DATASET CONTENT:
⁂

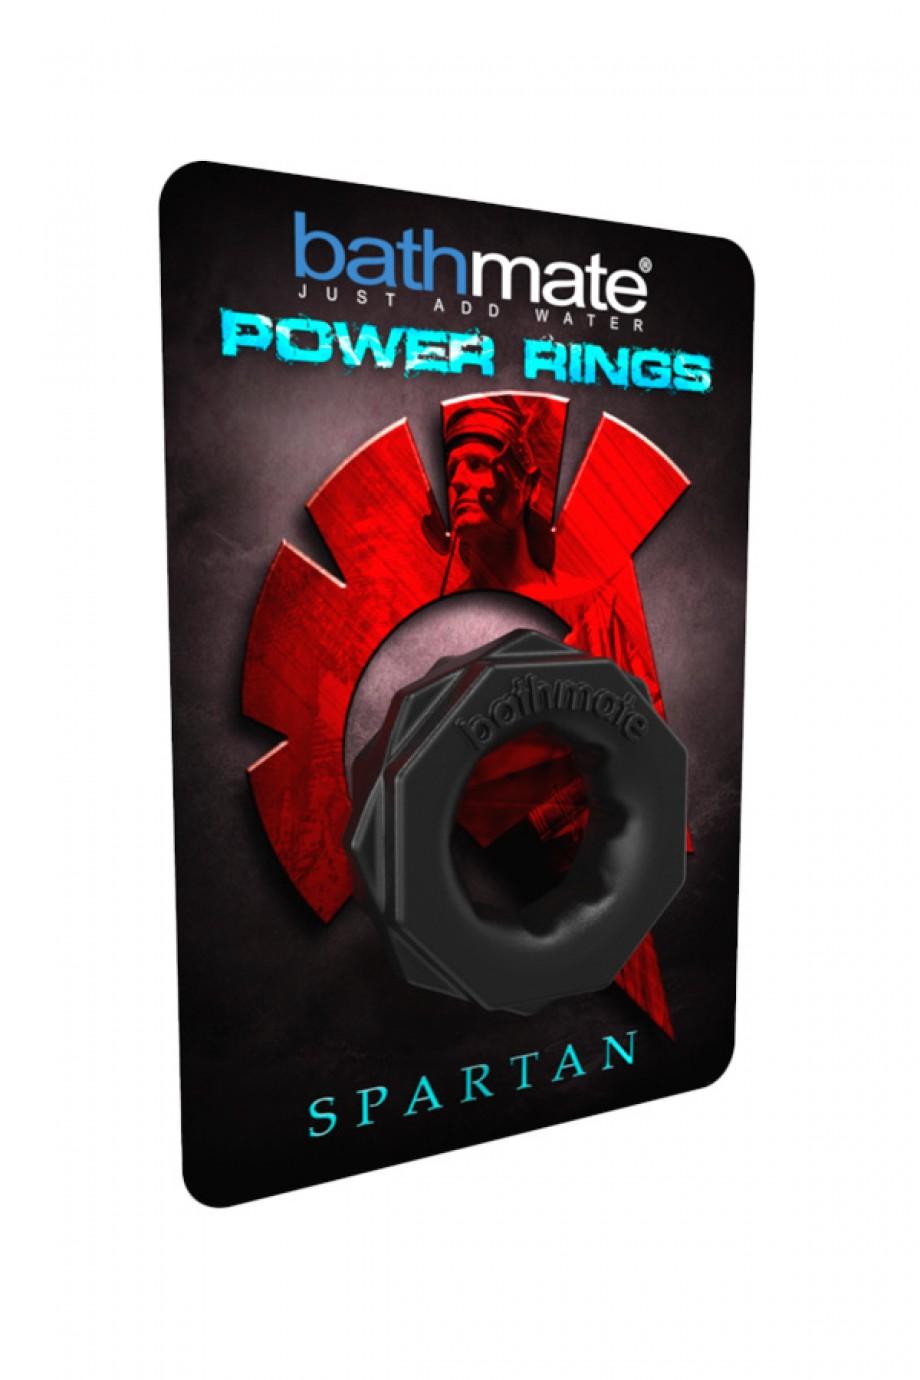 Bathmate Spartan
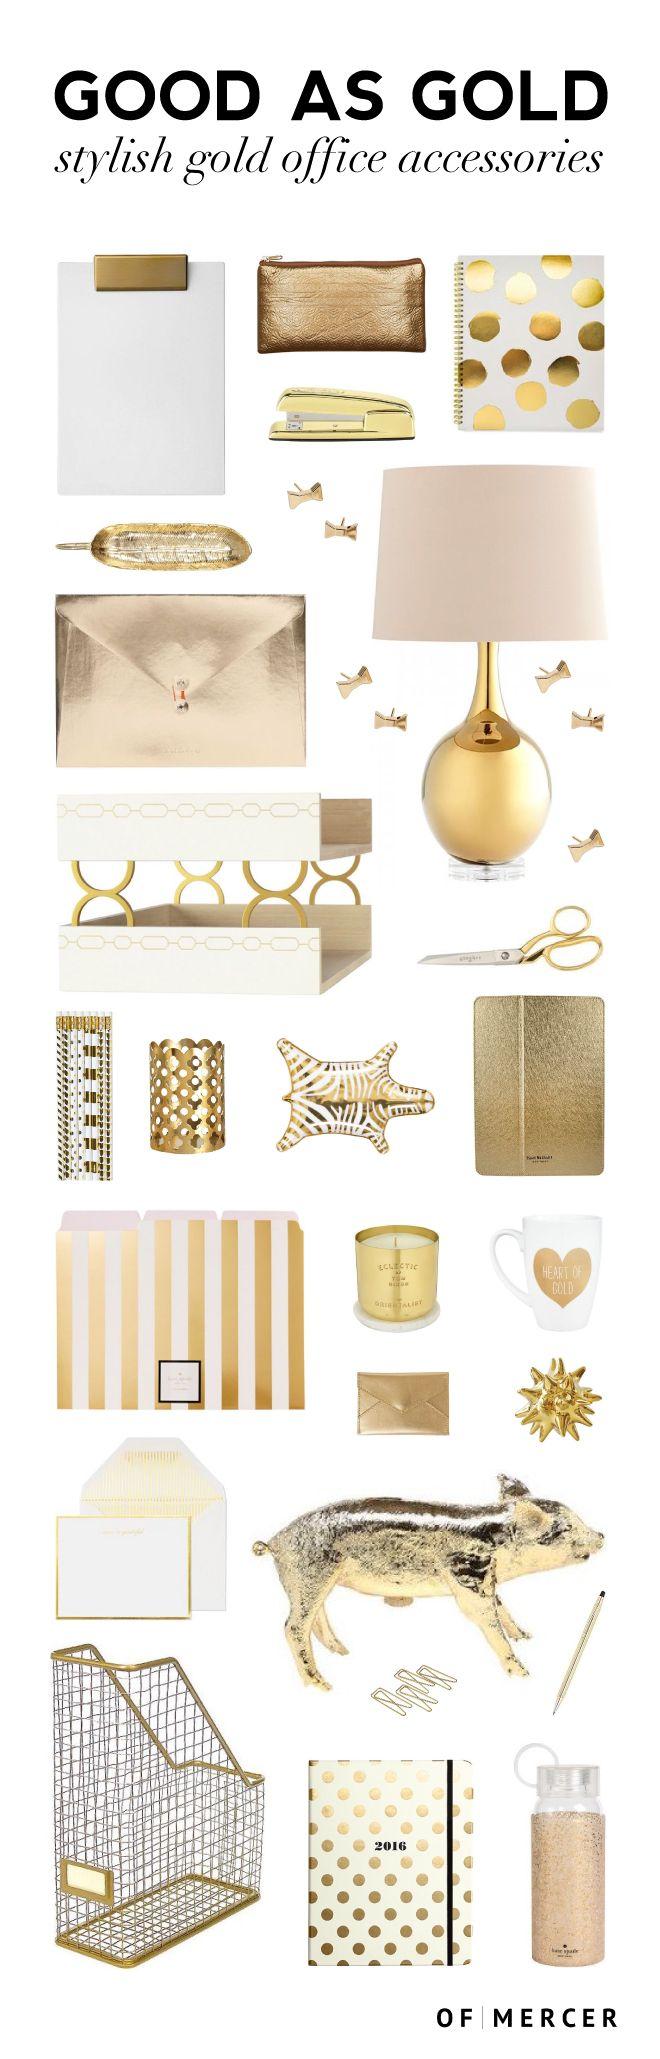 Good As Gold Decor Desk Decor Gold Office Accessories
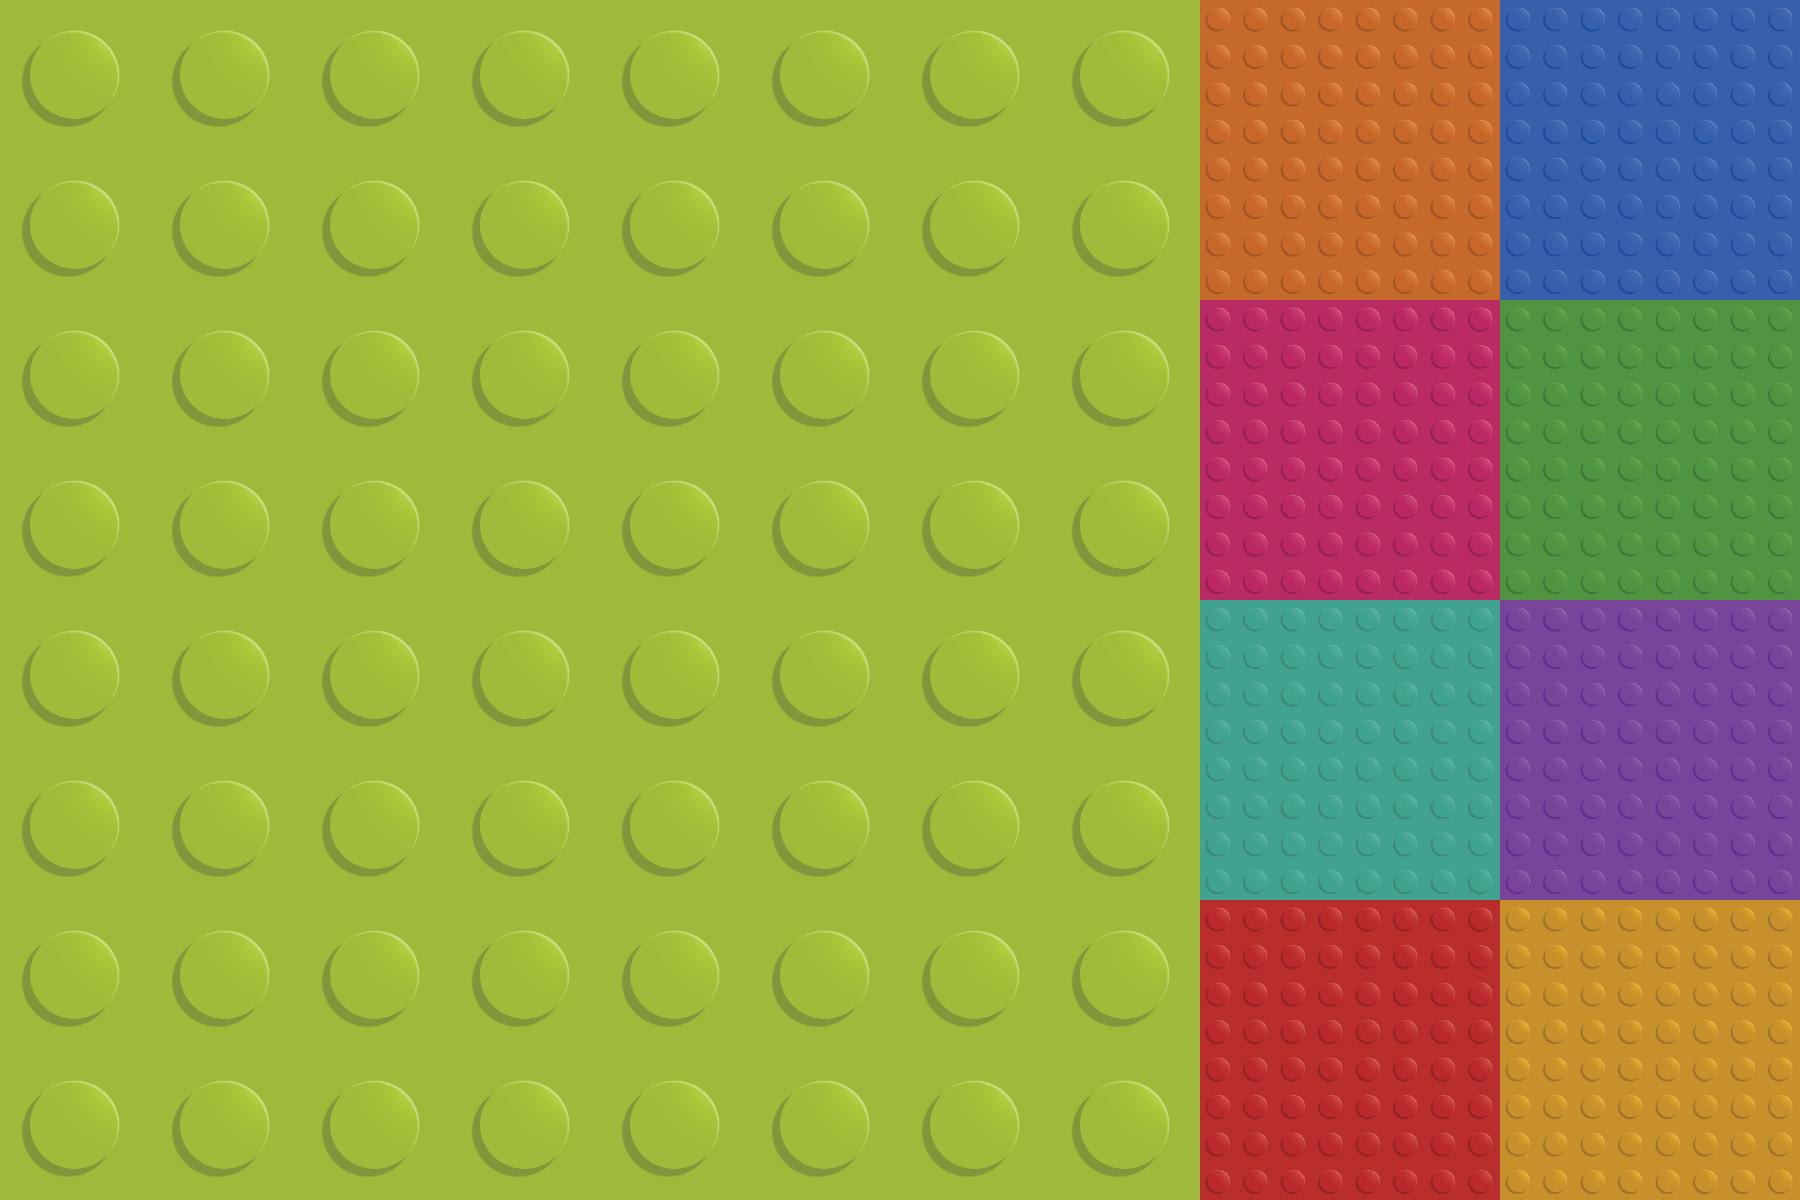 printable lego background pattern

⁂

PROMPT:
Reproduce the listing above exactly, excluding all pictures.

RESPONSE FOR THIS EXERCISE:
 Bathmate Spartan
 Good As Gold Decor Desk Decor Gold Office Accessories
 printable lego background pattern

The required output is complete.